Implications of a Second Migrant Wave

If the flow across the Aegean begins anew, it will be Greece and the Balkans that get overwhelmed again. Greece is in the EU but has been left to slowly twist on its own petard since its financial crisis. It will have no choice but to allow them to move on, but the strain will still be immense.

Macedonia and Serbia will then face the same problems as last year but with the northern routes into the EU now closed. They, meanwhile, have been left outside the EU staring in.

Merkel is perhaps the most effective and farsighted leader in the entire West. But even she will be challenged to build any effective EU response while her remaining partners face even more backlash from their own various domestic Orbans. Whatever happens with Brexit – perhaps Merkel and certain British leaders will find a way to walk back from the edge – renewed crisis over refugees will break the EU, leave chaos across the Balkans and leave hundreds of thousands of desperate people with nowhere to call home.

The only long-term solution remains, as it has for some time, strenuous EU and US efforts to bring real stability to Syria and Iraq.  This cannot be done at arm’s length.

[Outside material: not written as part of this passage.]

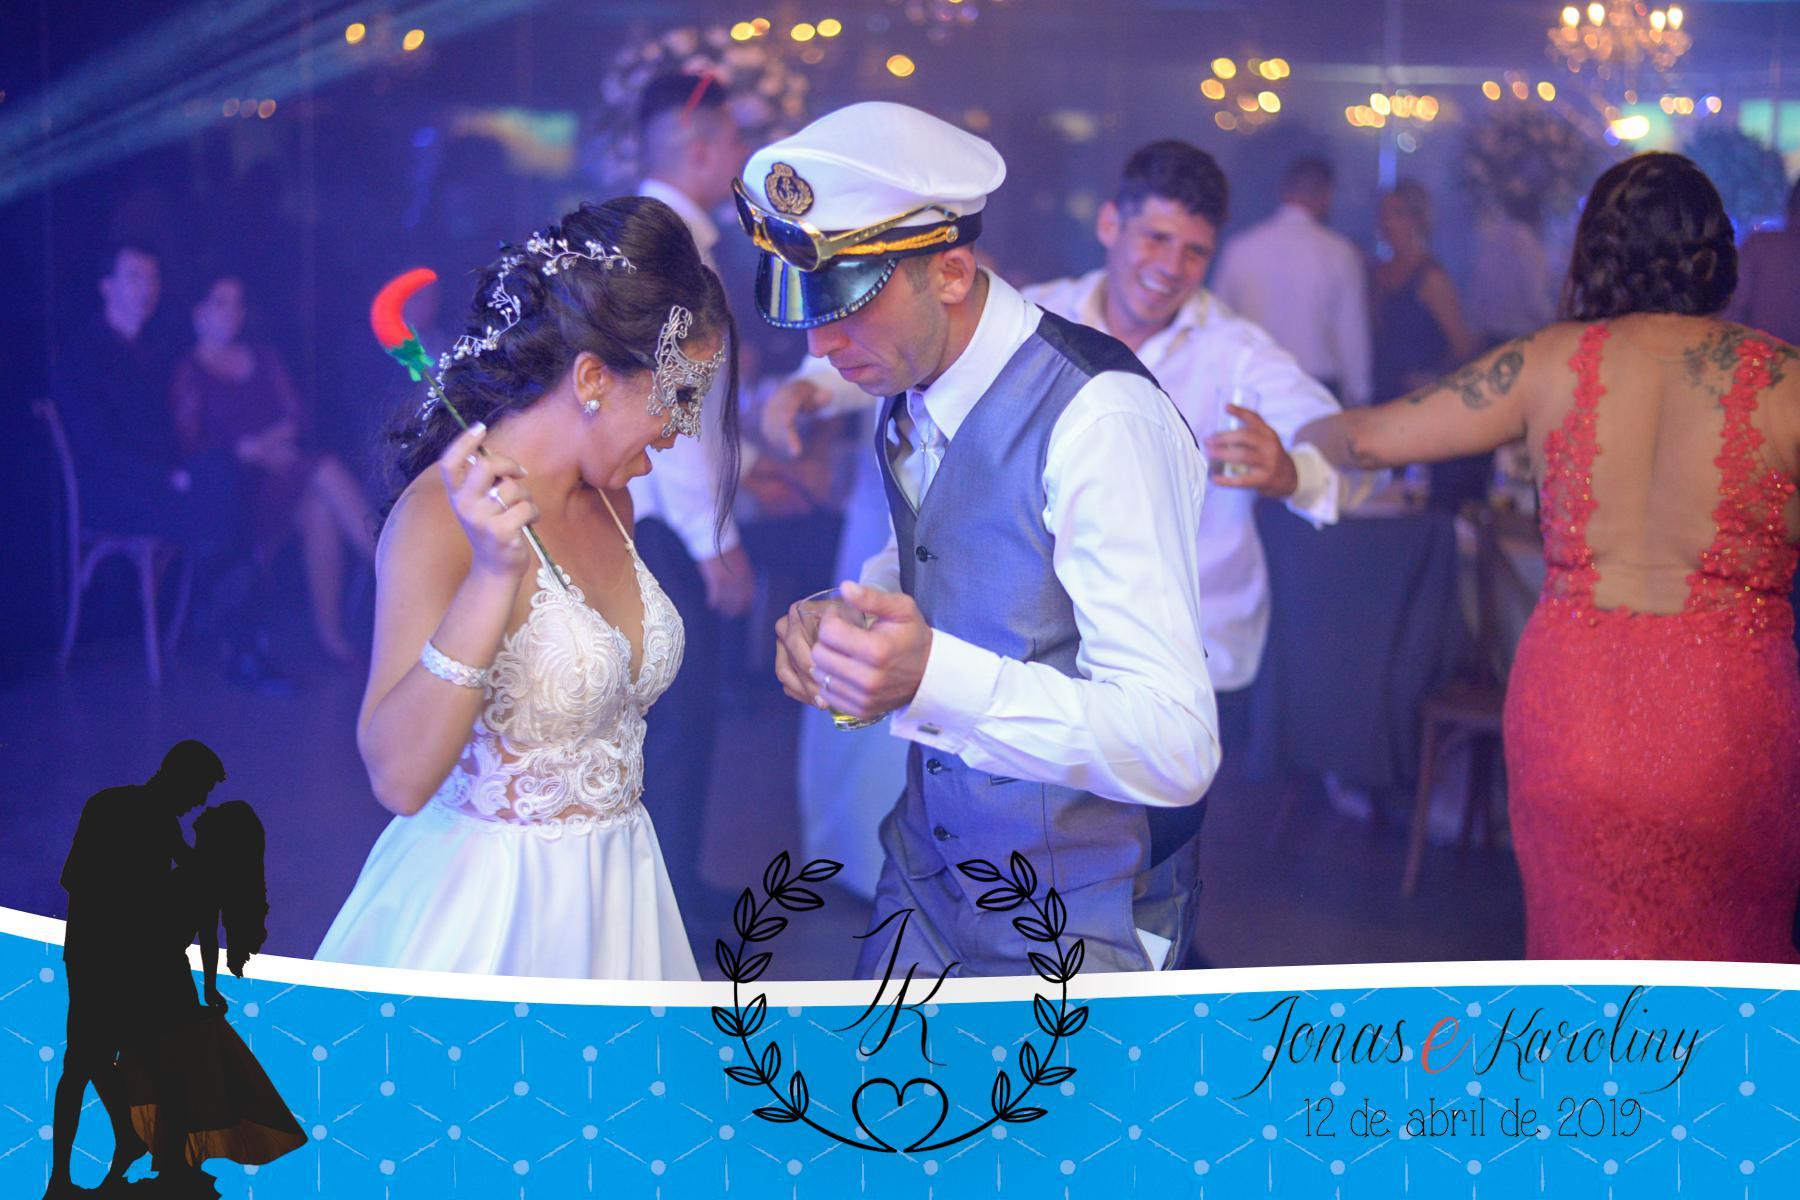 Casamento Jonas e Karoliny

Gerard M. Gallucci is a retired US diplomat and UN peacekeeper. He worked as part of US efforts to resolve the conflicts in Angola, South Africa and Sudan and as Director for Inter-American Affairs at the National Security Council. He served as UN Regional Representative in Mitrovica, Kosovo from July 2005 until October 2008 and as Chief of Staff for the UN mission in East Timor from November 2008 until June 2010. He has a PhD in political science, taught at the University of Pittsburgh, University of Arkansas, George Washington University and Drake University and now works as an independent consultant.